Re: failure detection

[Paul Jakma <paul@clubi.ie>]

On Fri, 19 Aug 2005, Iljitsch van Beijnum wrote:

> The 2*n^2 probing isn't necessary to detect failures (local or 
> otherwise), but to detect what's still working.

I don't agree.

> And even if side A can easily detect a failure at site A (which 
> isn't a given, if my DSL line goes down my router knows it but my 
> hosts don't),

We already have protocols for this, there is at least one 
possibility, IPv6 RAs, so:

- Use IPv6 RAs to advertise both prefixes, with a preferred lifetime
  set according to how quickly you want to switch, eg set it equal
  to twice the RA interval, or even equal to it.

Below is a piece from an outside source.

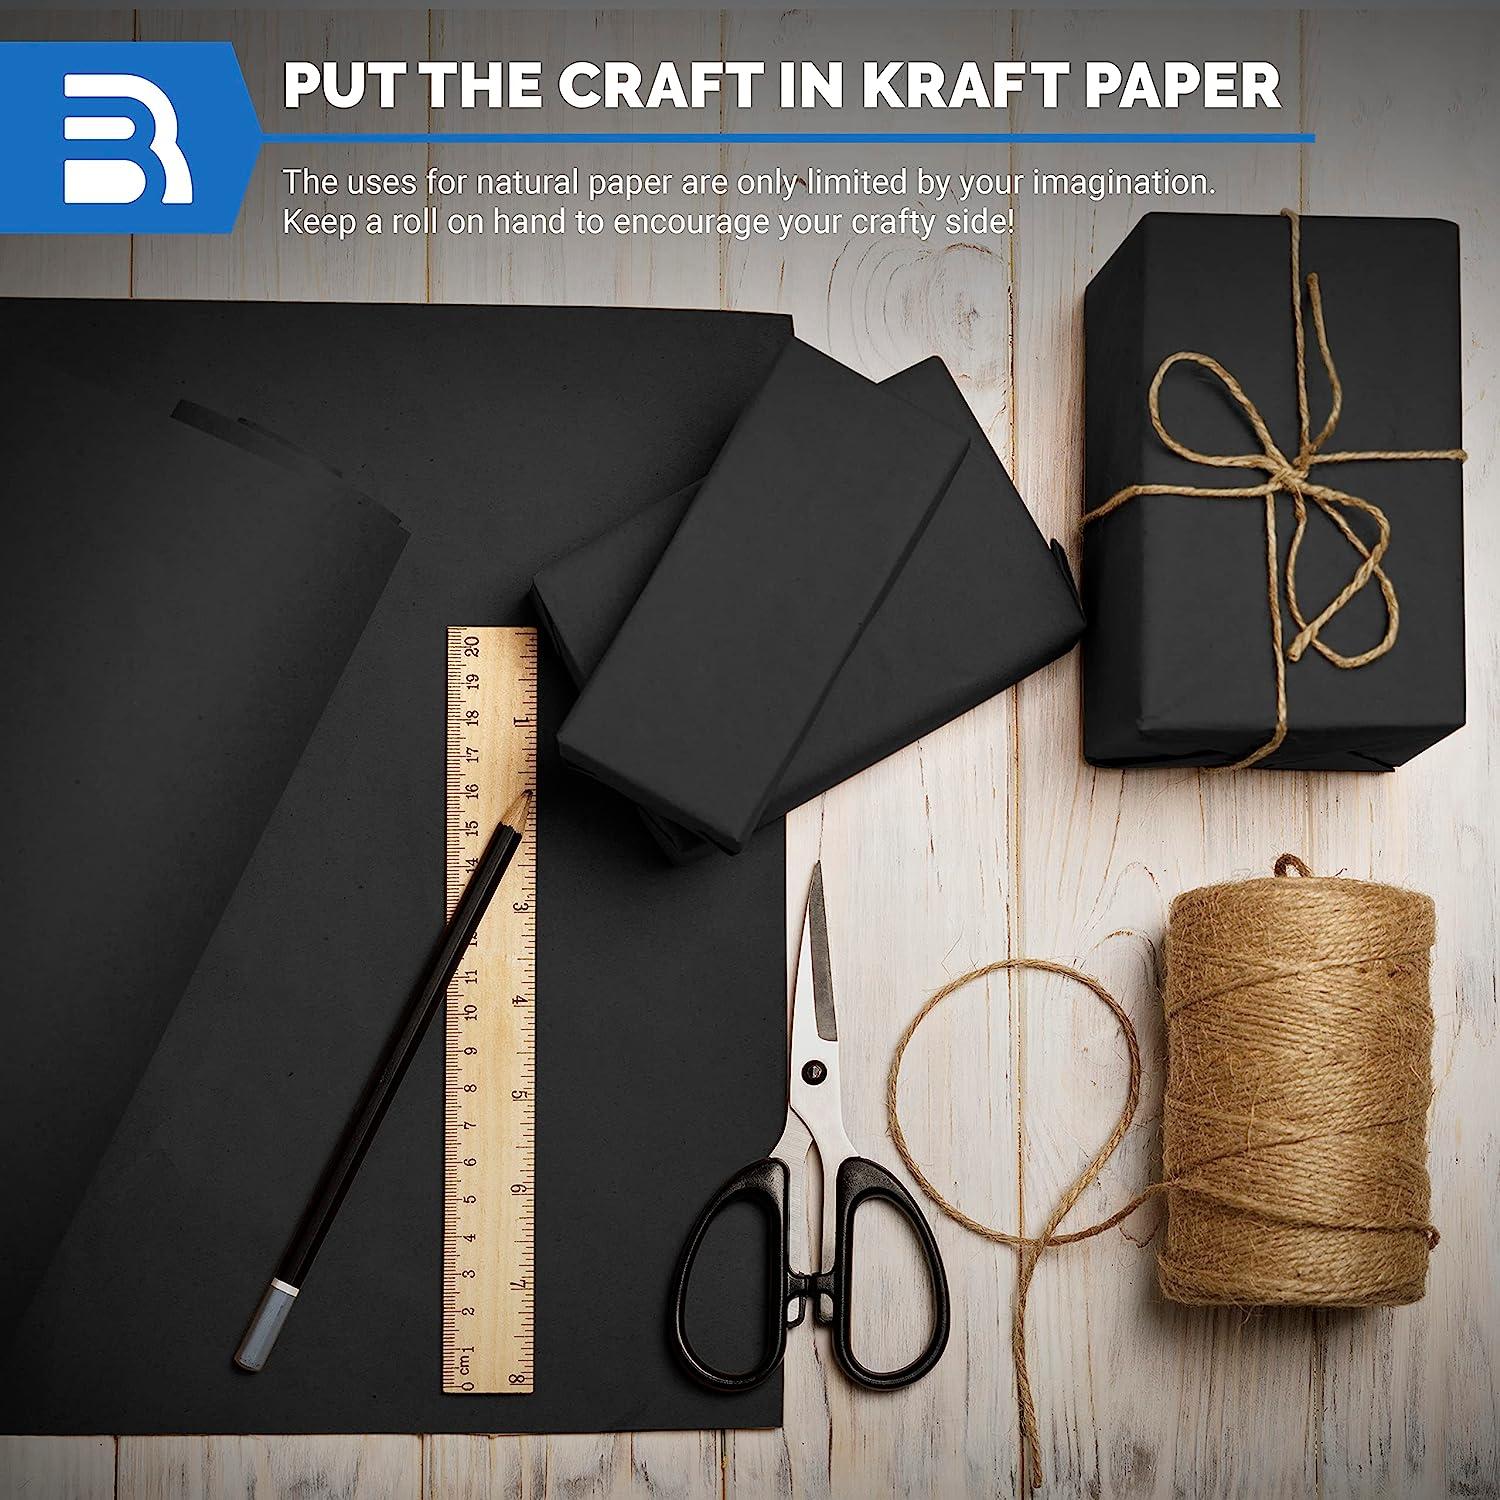 Black Kraft Arts and Crafts Paper Roll - 18 inches by 100 Feet (1200 Inch)  - Ideal for Paints, Wall Art, Easel Paper, Fadeless Bulletin Board Paper,  Gift Wrapping Paper and Kids Crafts - Made in USA

  When the DSL router detects a link has gone down, it simply stops
  advertising the relevant prefix.

- We may need to invent protocols to carry valid-source prefix
  information across multiple routers in a site. (to update
  prefix-advertisement information). I think that's a general IPv6 RA
  problem though.

- Other stateful configuration protocols may be used, eg DHCPv6
  the server would need to become multi-address aware, an
  implementation detail.

NB: The latter two points would not be required if we allow shim6 to 
work in a 'split' mode. For then the "shimmed" network would only use 
ULIDs which would always remain valid (no need to change).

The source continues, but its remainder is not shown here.